It gets worse in the biographical section of the book, where the facts are decidedly subordinate to Lebrechts Big Idea about Mahler, i.e., that the composer was influenced to a very great extent by his jewish background. Let me quote one striking example of Lebrecht's method - and absurdity. It is a description of Mahler's and Alma's wedding. The groom, says Lebrecht (misreading Alma), when trying to kneel tripped over his prayer stool and fell flat on his face instead. The priest mocked him for it, gratified to see this little heathen duly floored. Why did Mahler really fall, wonders Lebrecht? He thinks he found the answer on a visit to the wedding location, the Karlskirche in Vienna. Over the high altar is the Hebrew tetragrammaton that symbolizes God. Mahler must have seen it, guesses Lebrecht. It confronted him with his ancestral heritage and the fact that a Jew like he had no business being in a church. Guilt and betrayal overwhelmed him and he had to create a diversion to get his act together again. Says Lebrecht - how very clever! Now for the facts. Mahler didn't fall to the floor at all, he simply knelt on the floor instead of on his prie-dieu, which, given his small stature, was a comical sight and drew some laughs. He cannot possibly have seen the tetragrammaton, as the composer and his wife were not married in the church itself, but in its sacristy, in order to avoid a public happening. It may seem just a detail, but Lebrecht's account of Mahler is riddled with such re-writes, leading up to such absurdities as claiming that Mahler's interest in the word 'ewig' is explained by its similarity to the Hebrew eh-vig and its association with the eternal, wandering Jew.

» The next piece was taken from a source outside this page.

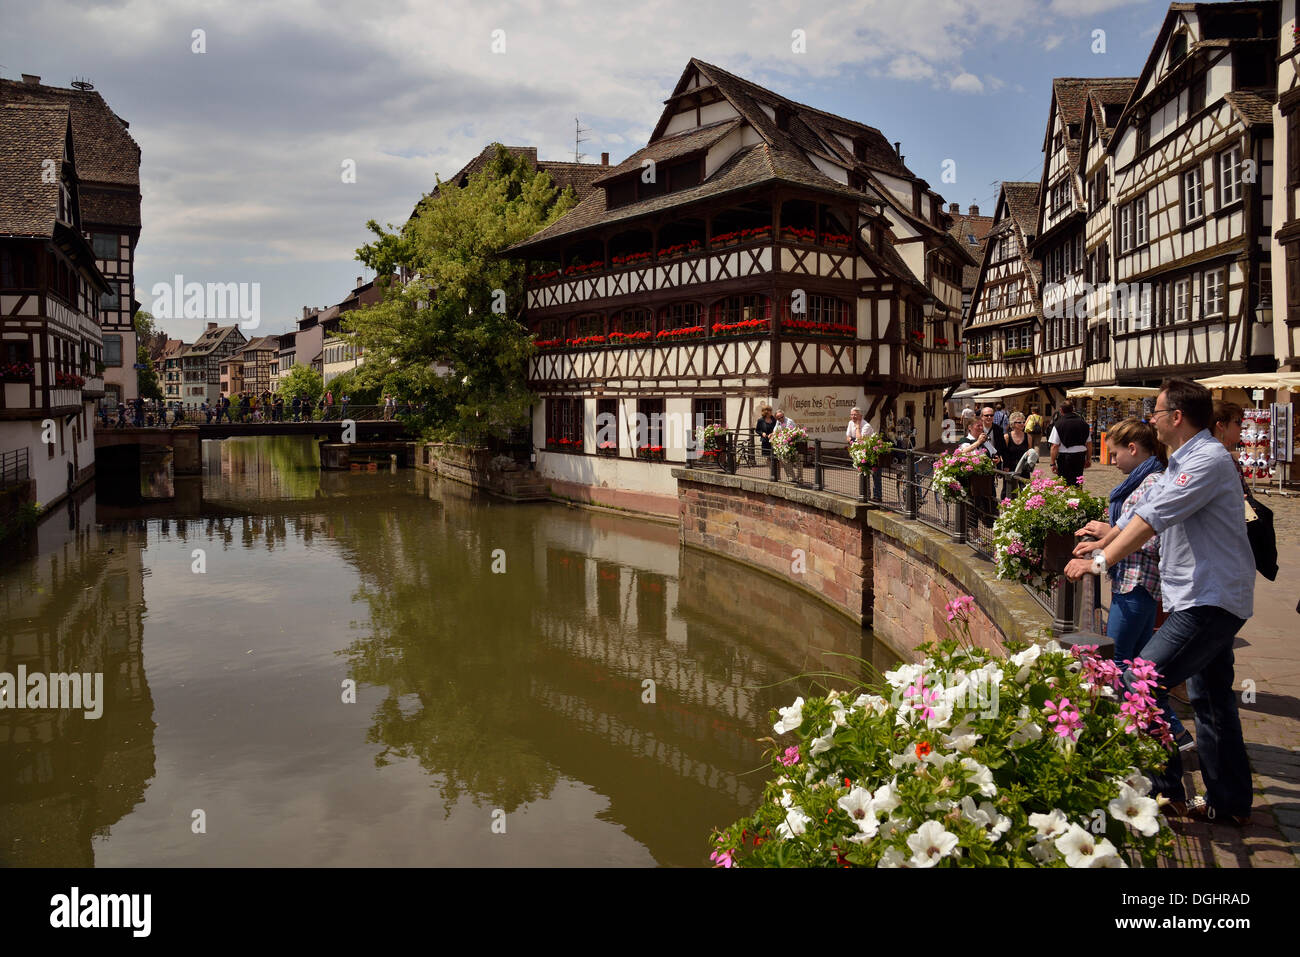 Maisons à pans de bois sur la rivière Ill, quartier des tanneurs, Petite France, Strasbourg, Alsace, France, Europe Banque D'Images
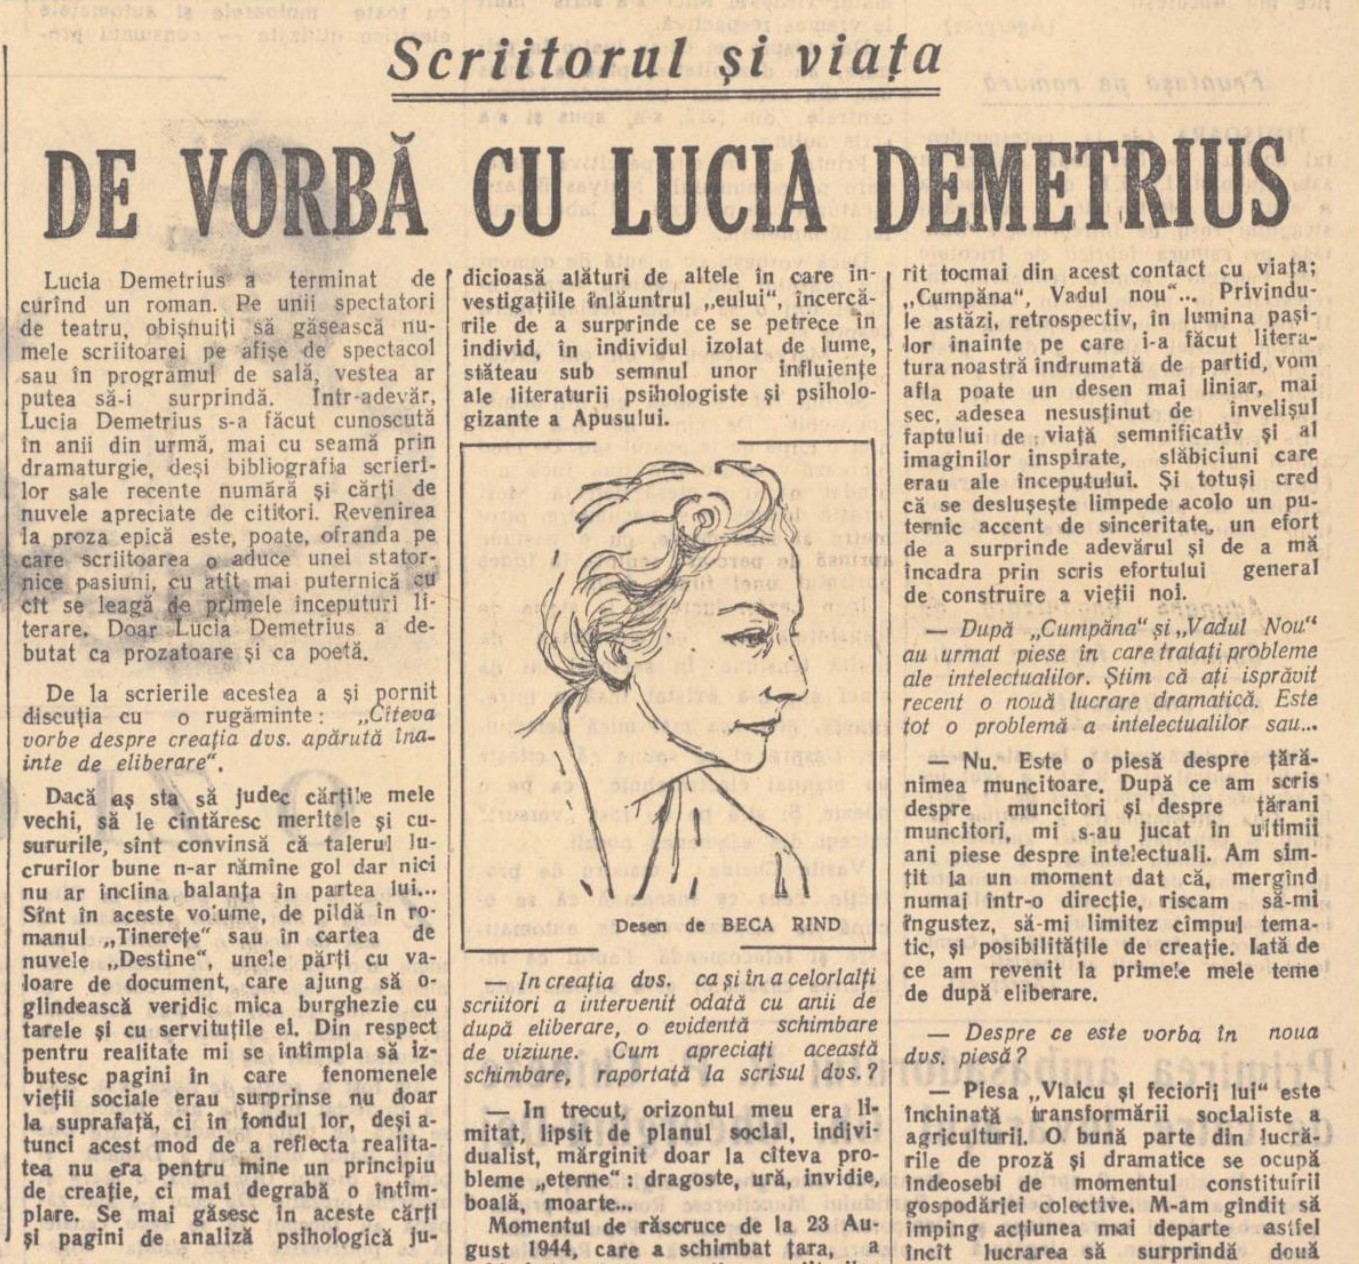 Lucia Demetrius

Fact, conjecture, exaggeration and sheer fiction are mixed in a most disturbing way all through, so as to make Alma's memoirs look like a fount of objective fact by comparison. Not, perhaps, surprising from an author who just had a recent book retracted by the publisher due to it's many factual errors. Lebrecht quotes juicy bits from Alma's memoirs several times, by the way, only to add that of course they aren't true. So why quote them? Several times he slips into I-mode and weaves personal anecdote into Mahler's biography of which the relevance usually remains unclear. Sometimes the point seems to be no more than just to say to the reader, 'I knew Anna Mahler'. Peronal sympathies seem to be a strong guide for Lebrecht anyway; the Sixth is about war, because... Tennstedt said so once, during a dinner party.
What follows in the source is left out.